# My New Trimac



## djamm (Sep 25, 2010)

I would like to thank Cowis, and Ben for this great fish! I will enjoy it for years I am sure!










Not sure of his name yet...but I just got him today...thinking "Green Machine"
:bigsmile::bigsmile:


----------



## beN (Apr 21, 2010)

Lookn good drew, by the way my inbox was full. Send me a pm if u like.

ben


----------



## cowis (Apr 21, 2010)

awsome hes looking good!!!


----------



## Elle (Oct 25, 2010)

Yes, very neat fish! Super interactive, follows you from one end of the tank to the other (hoping for food, the pig).

He also likes to hang out at the end of his tank and stare at the next door neighbours in the 55g rainbow/clown loach tank.

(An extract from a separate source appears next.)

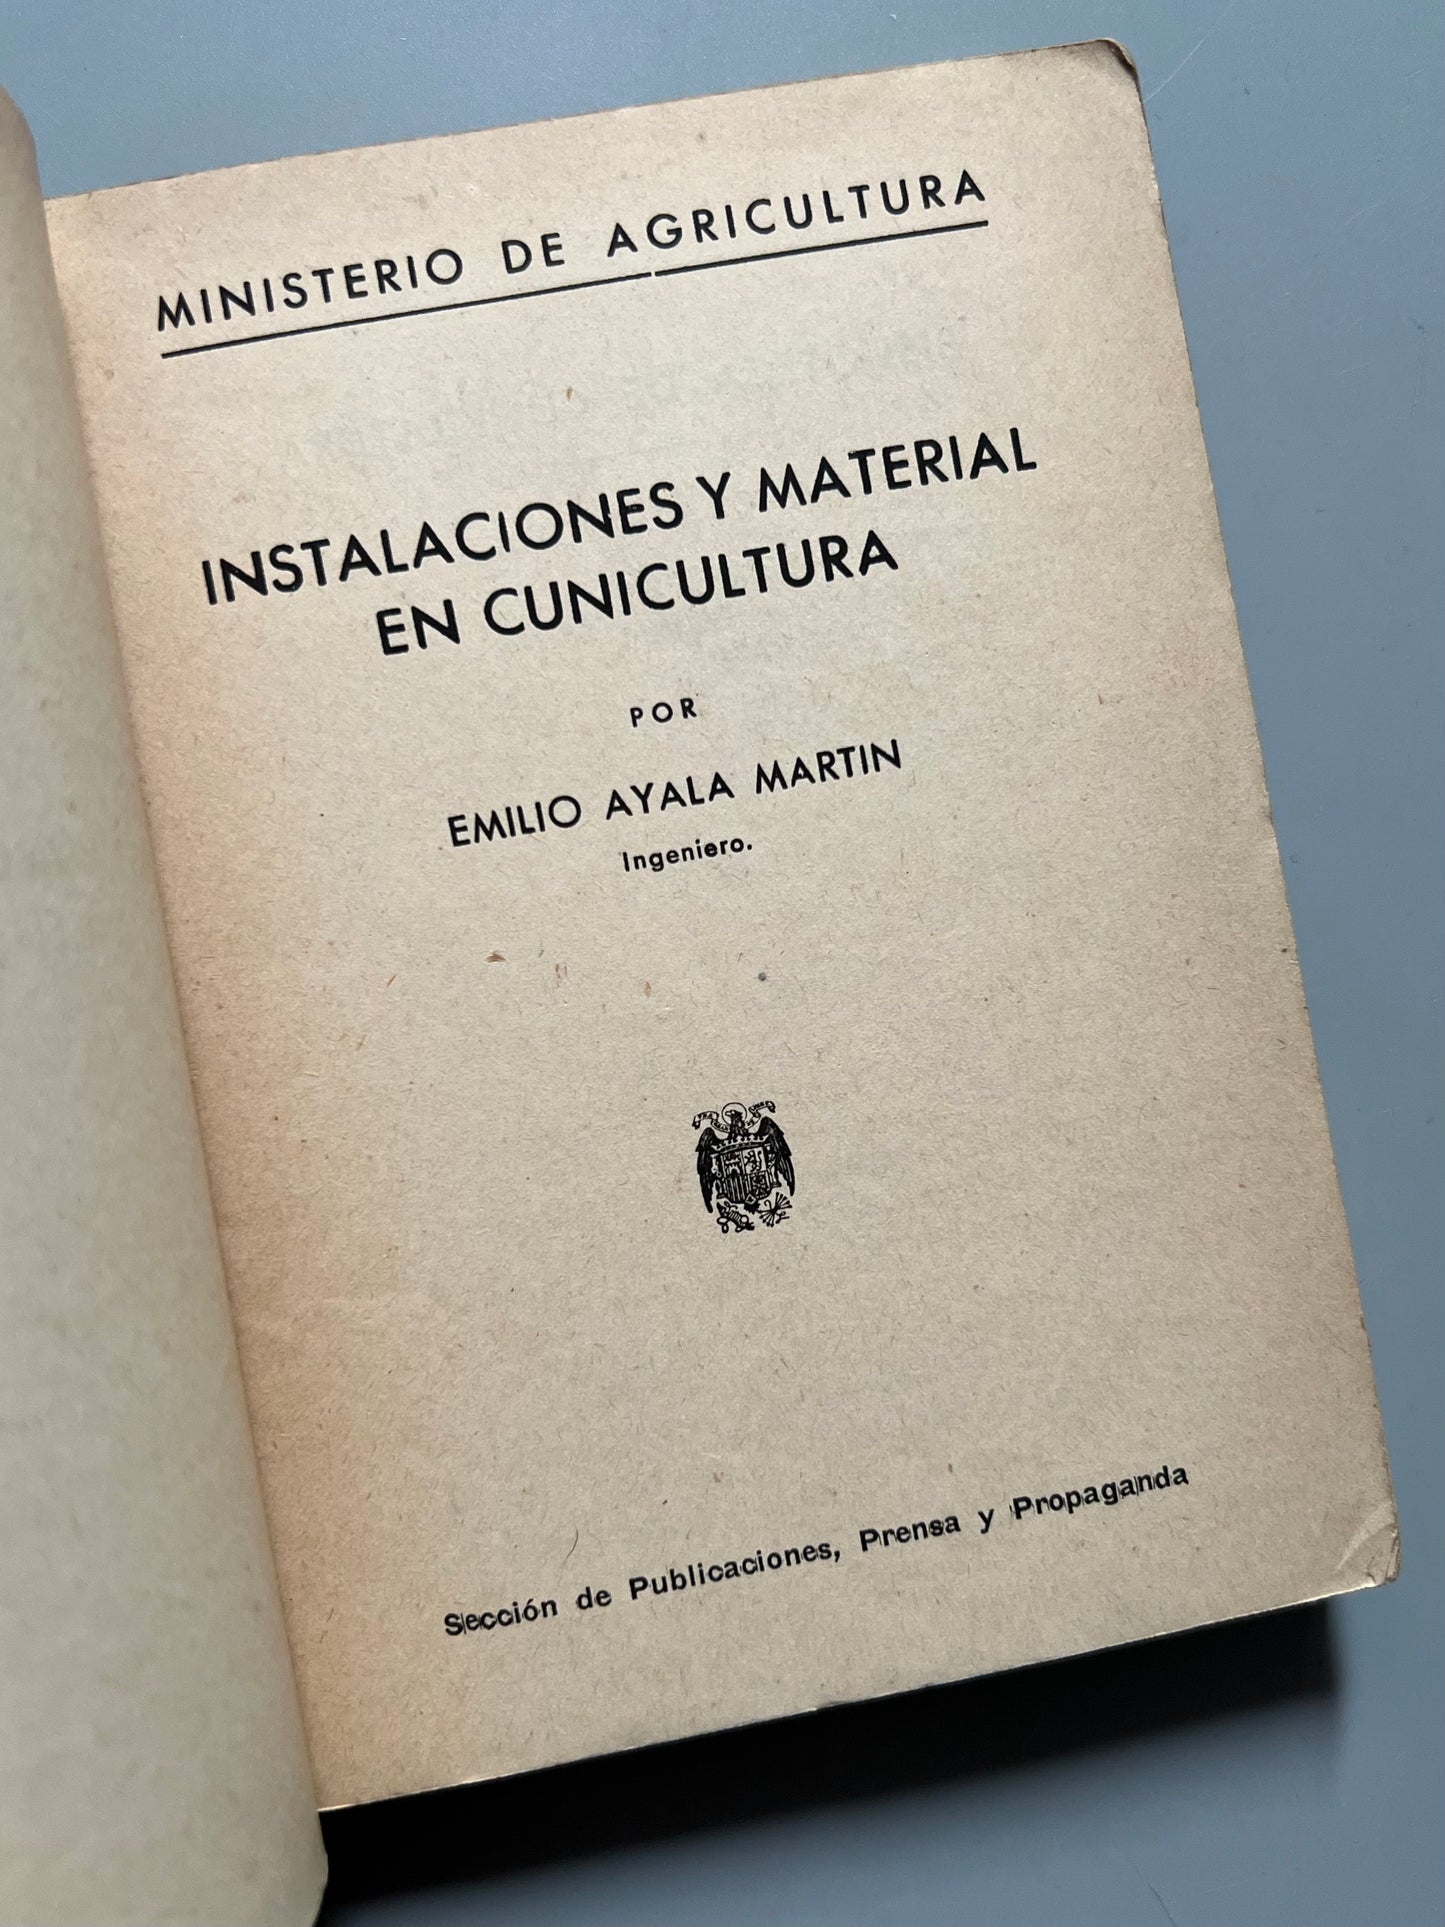 Instalaciones y material en cunicultura, Emilio Ayala Martín - Ministerio de Agricultura, ca. 1948

I'm not sure how happy *they* are about him moving in...you could practically see them thinking "there goes the neighbourhood" when we set up his tank!


----------



## beN (Apr 21, 2010)

hahaha! thats awesome, yes trimac would give the "stink eye" to the puffer beside him. very funny indeed.


----------



## djamm (Sep 25, 2010)

*update on my trimac*

double post!!!


----------



## djamm (Sep 25, 2010)

*update on my trimac*

Just thought I would share an update on our lovely loner Trimac!

We find this guys got tons of personality...at this point he is still on his own!

*THE GREEN MACHINE
*


----------



## cowis (Apr 21, 2010)

wow looking awsome!!!


----------



## macframalama (Apr 17, 2012)

man ive been on the hunt for a trimac, any chance you guys know another local with something even a fifth that size i have loads of space for either,


----------



## King-eL (Apr 21, 2010)

macframalama said:


> man ive been on the hunt for a trimac, any chance you guys know another local with something even a fifth that size i have loads of space for either,


I can get trimac if u want. I'm setting up an an order soon.


----------



## macframalama (Apr 17, 2012)

let me know how i would get it over on vancouver island and im in,


----------



## King-eL (Apr 21, 2010)

sorry i dont ship. you ned to come pick it up.


----------